We need to determine which of these points lies on the circle centered at the origin with a radius of 5 units. To do this, we will substitute the x and y coordinates of each point into the equation x² + y² = 25 and see if the equation holds true.

Testing Point A (2, √21)

Substitute x = 2 and y = √21 into the equation:

2² + (√21)² = 4 + 21 = 25

Since 25 = 25, Point A (2, √21) lies on the circle.

Testing Point B (2, √23)

Substitute x = 2 and y = √23 into the equation:

2² + (√23)² = 4 + 23 = 27

Since 27 ≠ 25, Point B (2, √23) does not lie on the circle.

Testing Point C (2, 1)

Substitute x = 2 and y = 1 into the equation:

2² + 1² = 4 + 1 = 5

Since 5 ≠ 25, Point C (2, 1) does not lie on the circle.

Testing Point D (2, 3)

Substitute x = 2 and y = 3 into the equation:

2² + 3² = 4 + 9 = 13

Since 13 ≠ 25, Point D (2, 3) does not lie on the circle.

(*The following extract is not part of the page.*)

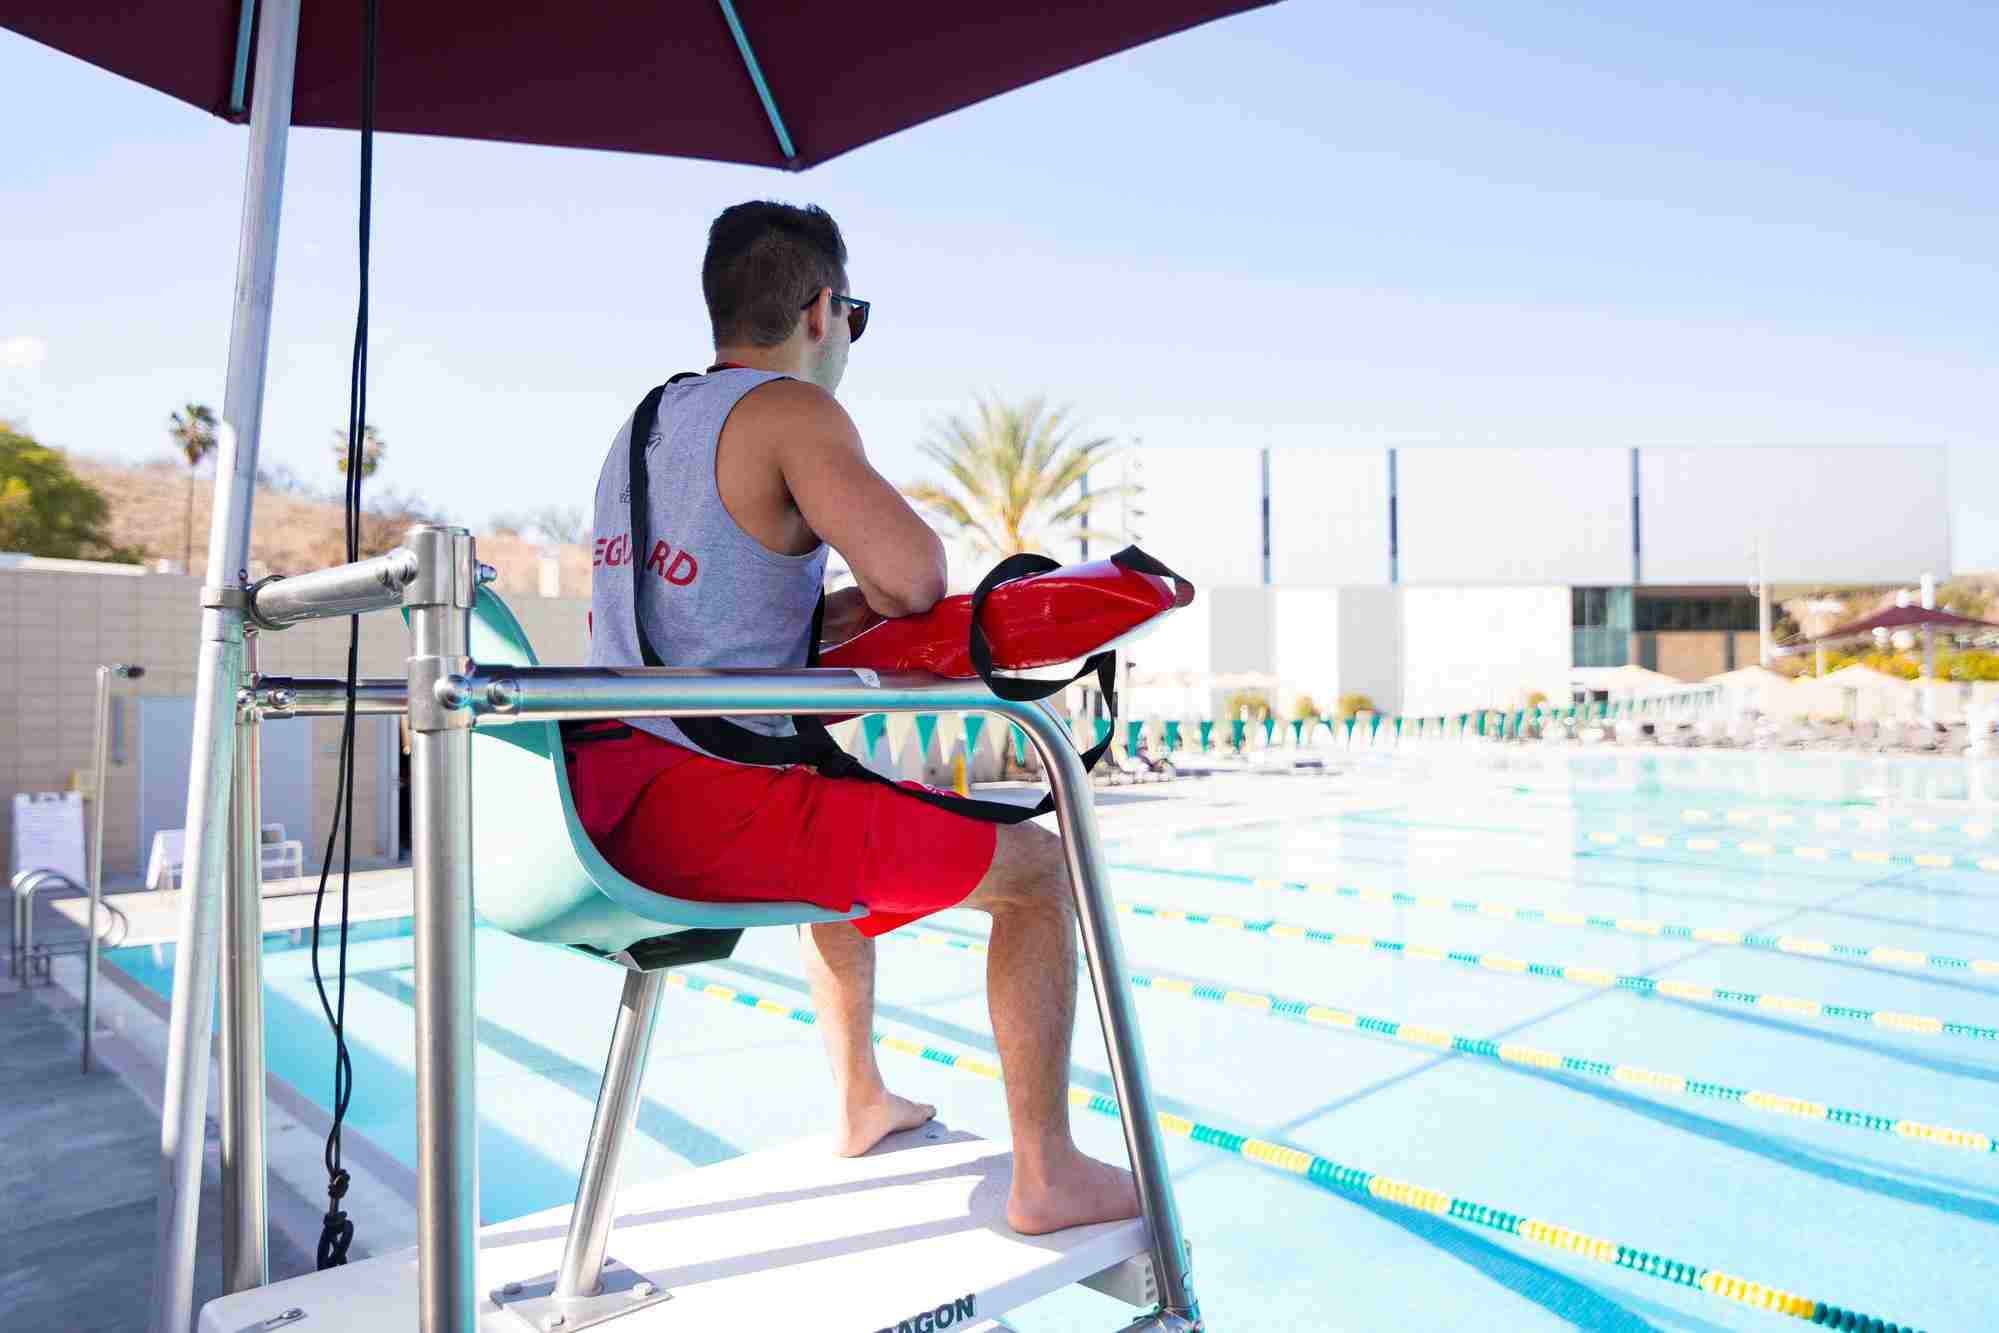 Lifeguard sitting on a watch tower at a pool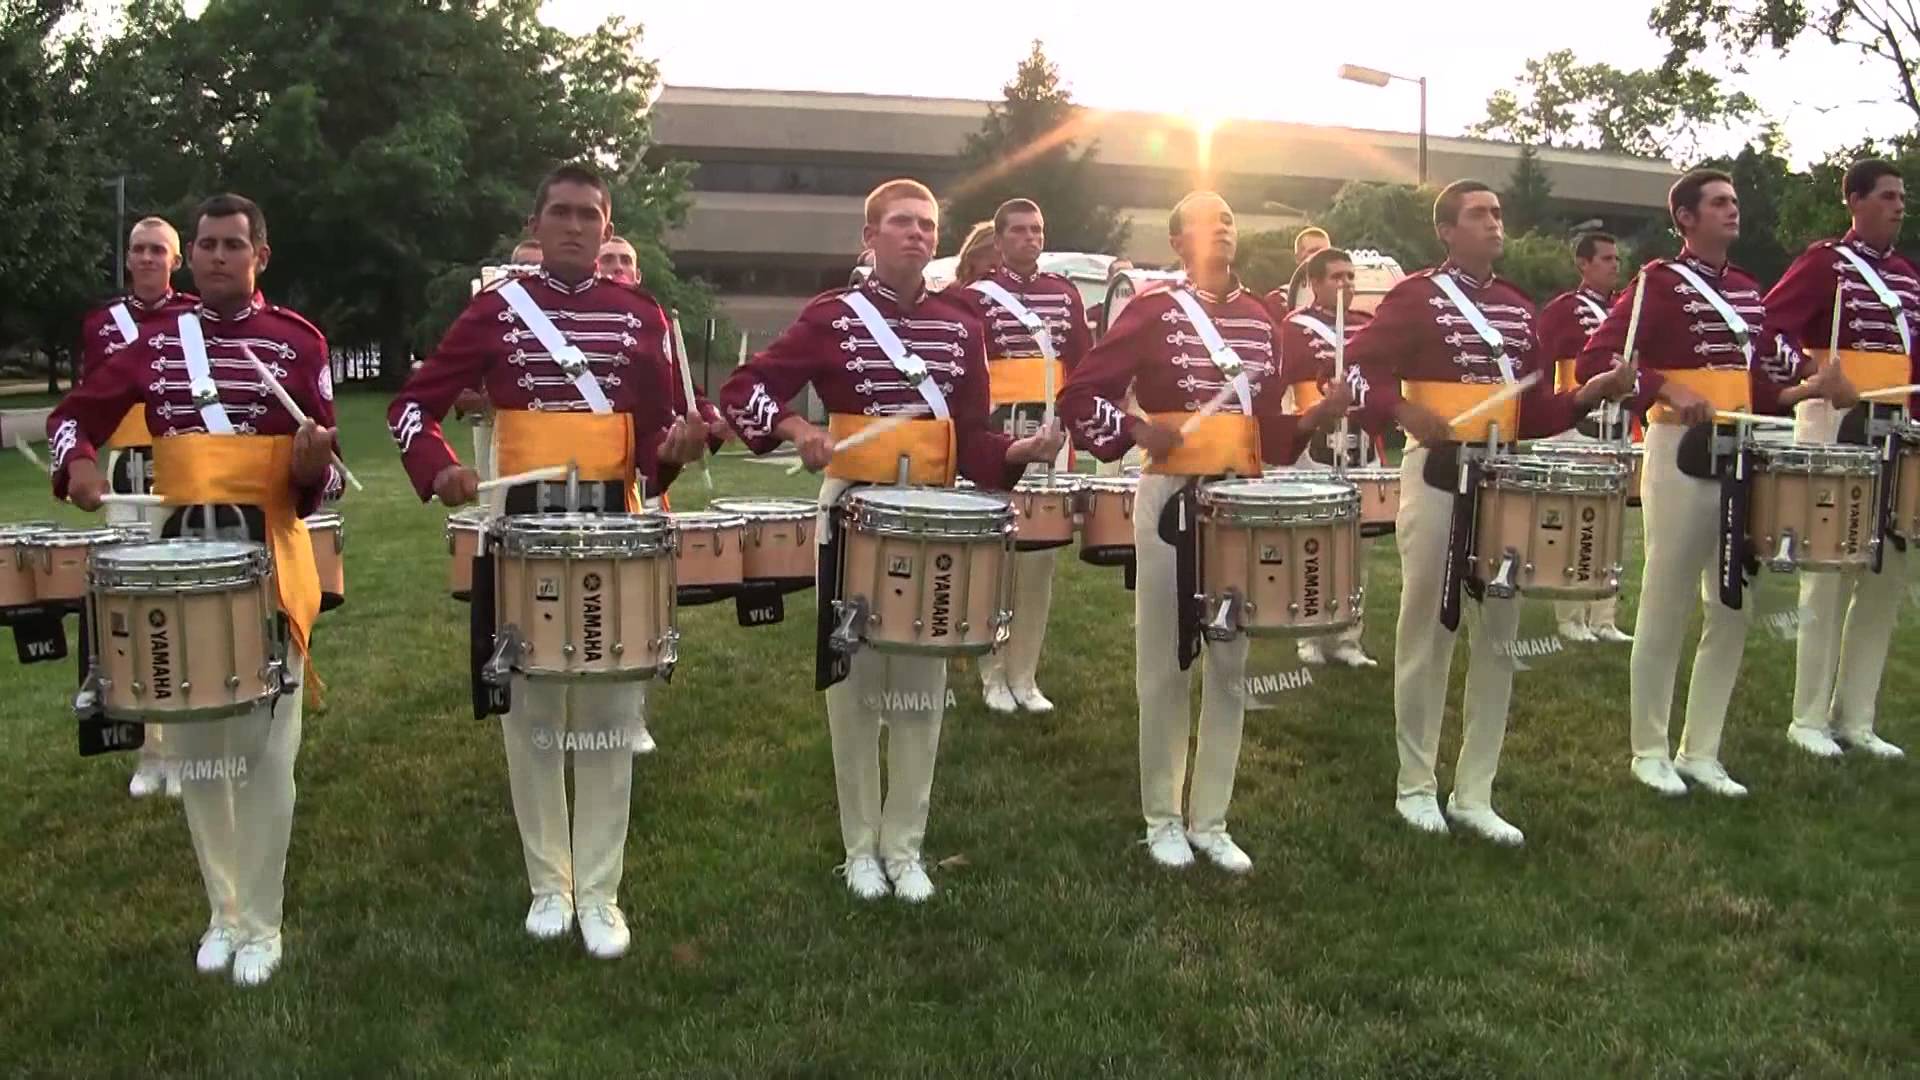 The Cadets Drumline 2013 - Akron, OH - YouTube

Conclusion: Identifying the Point on the Circle

After testing each point, we found that only Point A (2, √21) satisfies the equation x² + y² = 25. Therefore, Point A (2, √21) is the only point among the given options that lies on the circle centered at the origin with a radius of 5 units.

This problem highlights the importance of understanding the relationship between the equation of a circle and the distance formula. By applying these concepts, we can effectively determine whether a given point lies on a circle or not. This fundamental skill is crucial in various areas of mathematics and physics, particularly in geometry and coordinate systems.

Further Exploration of Circles and the Distance Formula

The concept of circles and the distance formula extends beyond simple point verification. Understanding these concepts opens doors to more complex problems, such as finding the equation of a circle given certain conditions, determining the intersection points of circles and lines, and exploring geometric transformations involving circles. Further exploration of these topics will deepen your understanding of coordinate geometry and its applications.

Applications in Real-World Scenarios

The principles discussed here have real-world applications in various fields, including:

• Navigation: GPS systems rely on the distance formula to calculate distances between satellites and receivers, determining the receiver's location.
• Computer Graphics: Circles and distances are fundamental in creating and manipulating images and animations.
• Engineering: Designing circular structures, such as arches and domes, requires a thorough understanding of circle geometry.
• Astronomy: Calculating orbits of celestial bodies involves understanding distances and circular paths.

Expanding Your Knowledge

To further expand your knowledge, consider exploring the following topics:

• General Equation of a Circle: Learn about the equation of a circle with a center at any point (h, k).
• Tangents and Secants: Investigate the properties of lines that touch a circle at one point (tangents) or intersect it at two points (secants).
• Conic Sections: Discover how circles relate to other conic sections, such as ellipses, parabolas, and hyperbolas.
• Analytic Geometry: Delve deeper into the connection between algebra and geometry, using algebraic techniques to solve geometric problems.

By mastering these concepts, you'll gain a solid foundation in mathematics and its practical applications. The ability to determine points on a circle, derived from the distance formula, is a cornerstone of geometric understanding and problem-solving.